I sit here meekly cobbling this column together on a steely Monday morning, wading through a fog of DayQuil, Emergen-C and hot toddies (note to my editor on that last one: not really!) as I attempt to beat back a brutish case of the sniffles. I’m pretty sure it stems from a week of, well, too much rockin’. A week so packed with music that, as a friend accurately observed, “This week, half of Burlington will be late to work every day.” And how. I was late at least three times, and I mostly work from home.

A brief recap: It all started last Tuesday evening at Club Metronome, where our new friends, MSR Presents, had put together a nifty little midweek show with former Pedro the Lion front man David Bazan, and Omaha’s the Mynabirds. I arrived in time to catch about four or five songs by the latter, and found myself wishing I could, once and for all, break my habit of operating on “musician time.”

(For anyone who has never been, worked with or dated a musician, the equation for calculating MT is basically this: Take whatever time said musician is supposed to arrive, add to that the amount of time it should take to get there, adjust for weather, traffic, crappiness of said musician’s vehicle, degree of sobriety, etc., and voilà — musician time.)

Anyway, I’m grateful for what I was able to catch. The Mynabirds’ soul-tinged, alt-country-rooted tunes sounded even better live than on their excellent new(ish) record What We Lose in the Fire We Gain in the Flood. Also, I’m a sucker for sultry, dusky-voiced blondes who play the piano. Ahem.

But the star of the show was Bazan, who, backed by an ace band and pulling equally from his most recent solo album, Curse Your Branches, and choice cuts from his PTL back catalog, stunned the relatively small but attentive crowd. Bazan’s writing and delivery have a unique vulnerable-yet-masculine nature. It’s fascinating, especially in person. Plus, you gotta love a guitarist who looks like he’s flipping off the crowd when he plays power chords.

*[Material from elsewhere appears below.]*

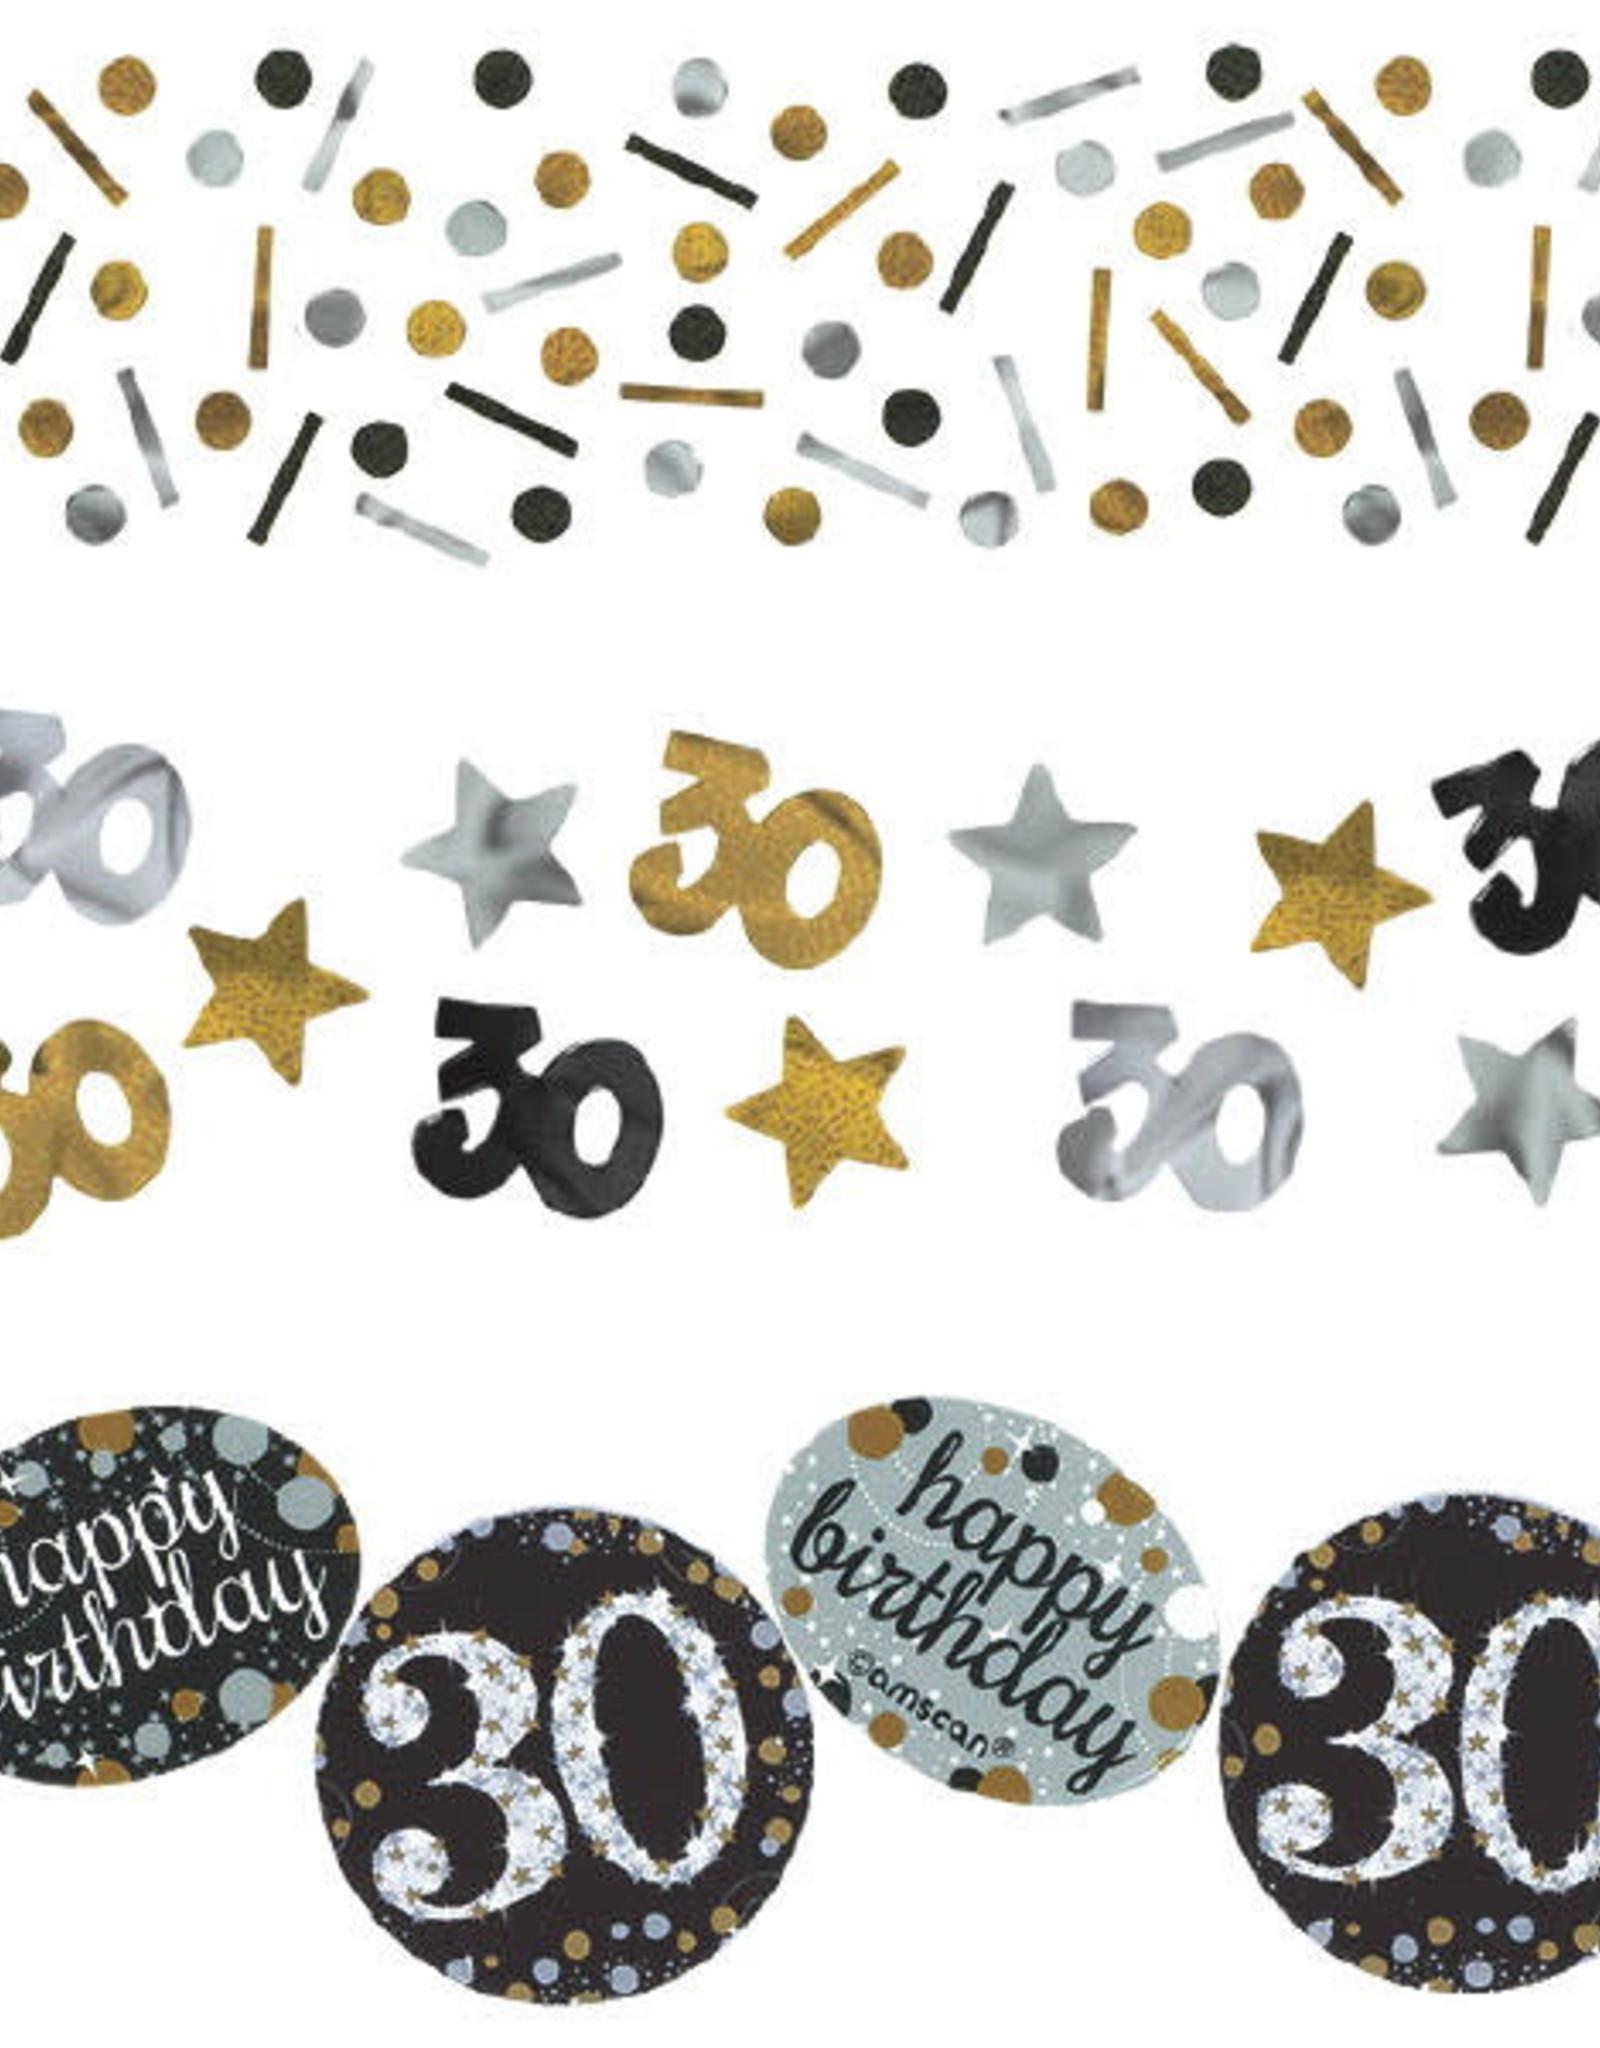 30th Birthday Black and Silver Confetti 1.2oz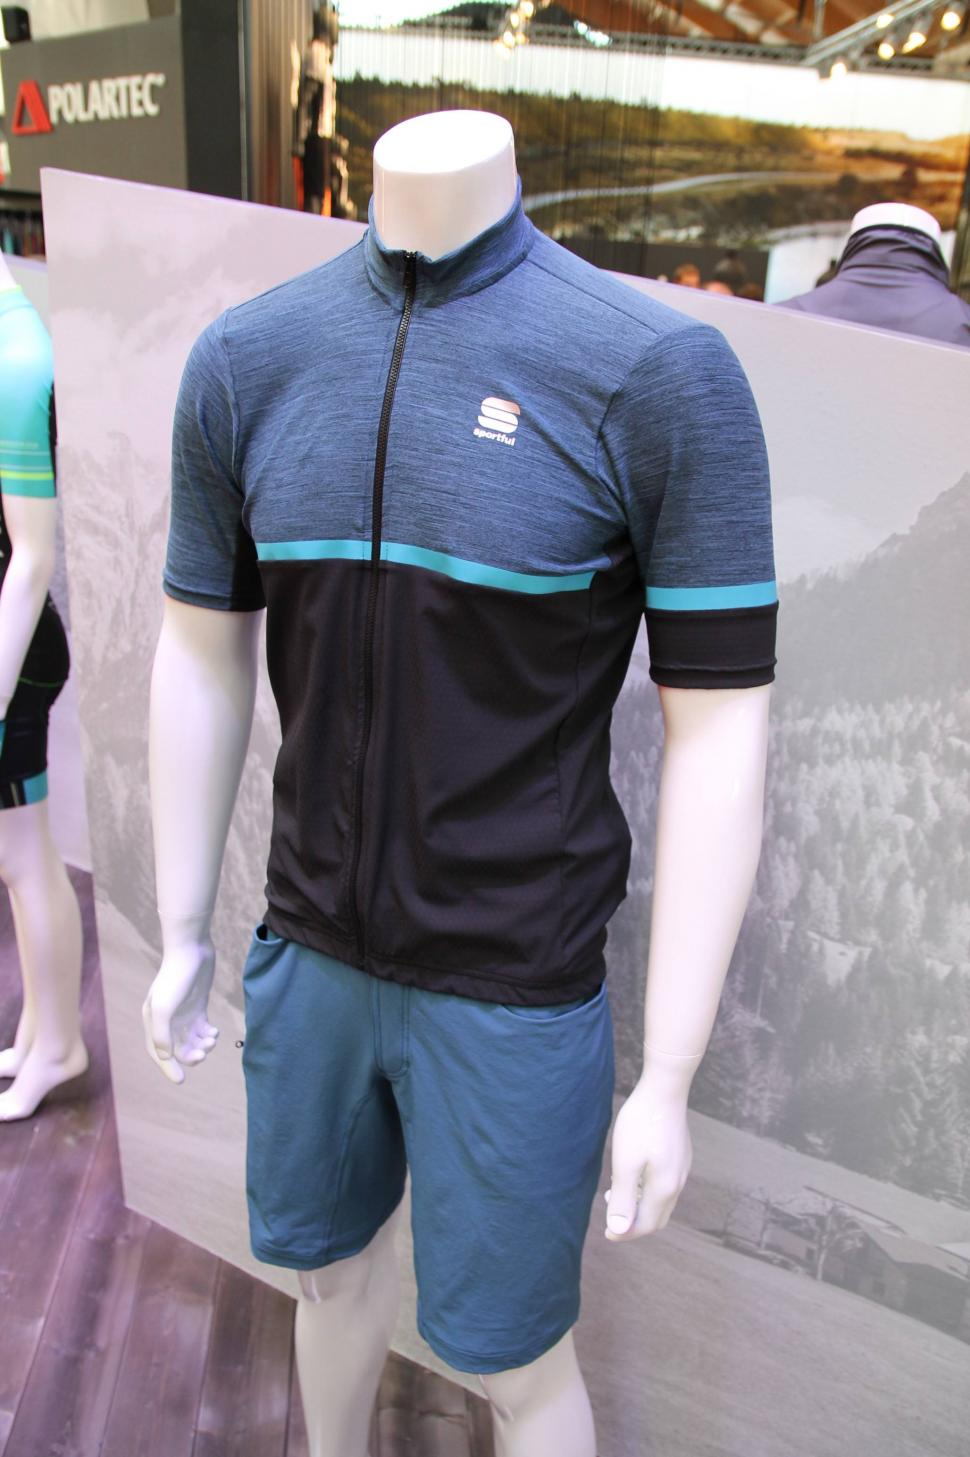 Sportful 2017 clothing - 11.jpg

The following evening was, for my money, the week’s marquee event: Broken Social Scene and the Sea and Cake at the Higher Ground Ballroom. This show held particular intrigue for me. One, the last time I saw a BSS-related show live was Kevin Drew’s uninspiring/borderline shit-acular show at Ira Allen Chapel a few years ago. And two, in last week’s column, I pretty much called out the indie-obsessed masses in this town who incessantly complain about the perceived dearth of indie rock at HG and then rarely show up when the club delivers the goods. I’m happy to report redemption, on both counts. The crowd was sizable, energetic and appreciative. And BSS? Well they just rocked, hard, and for two and a half hours. And not a single person bitched that Leslie Feist didn’t show. Amazing!

It took most of my reserve not to swing into the ’noosk for Beach Fossils at The Monkey House on Thursday. I’ve really been into their most recent, self-titled LP. But I needed to save my strength for the following evening and the Seven Days-fueled local-rock showcase at Nectar’s, Burlington Bands 101. (Also, it was Oktoberfest at American Flatbread. Sue me.)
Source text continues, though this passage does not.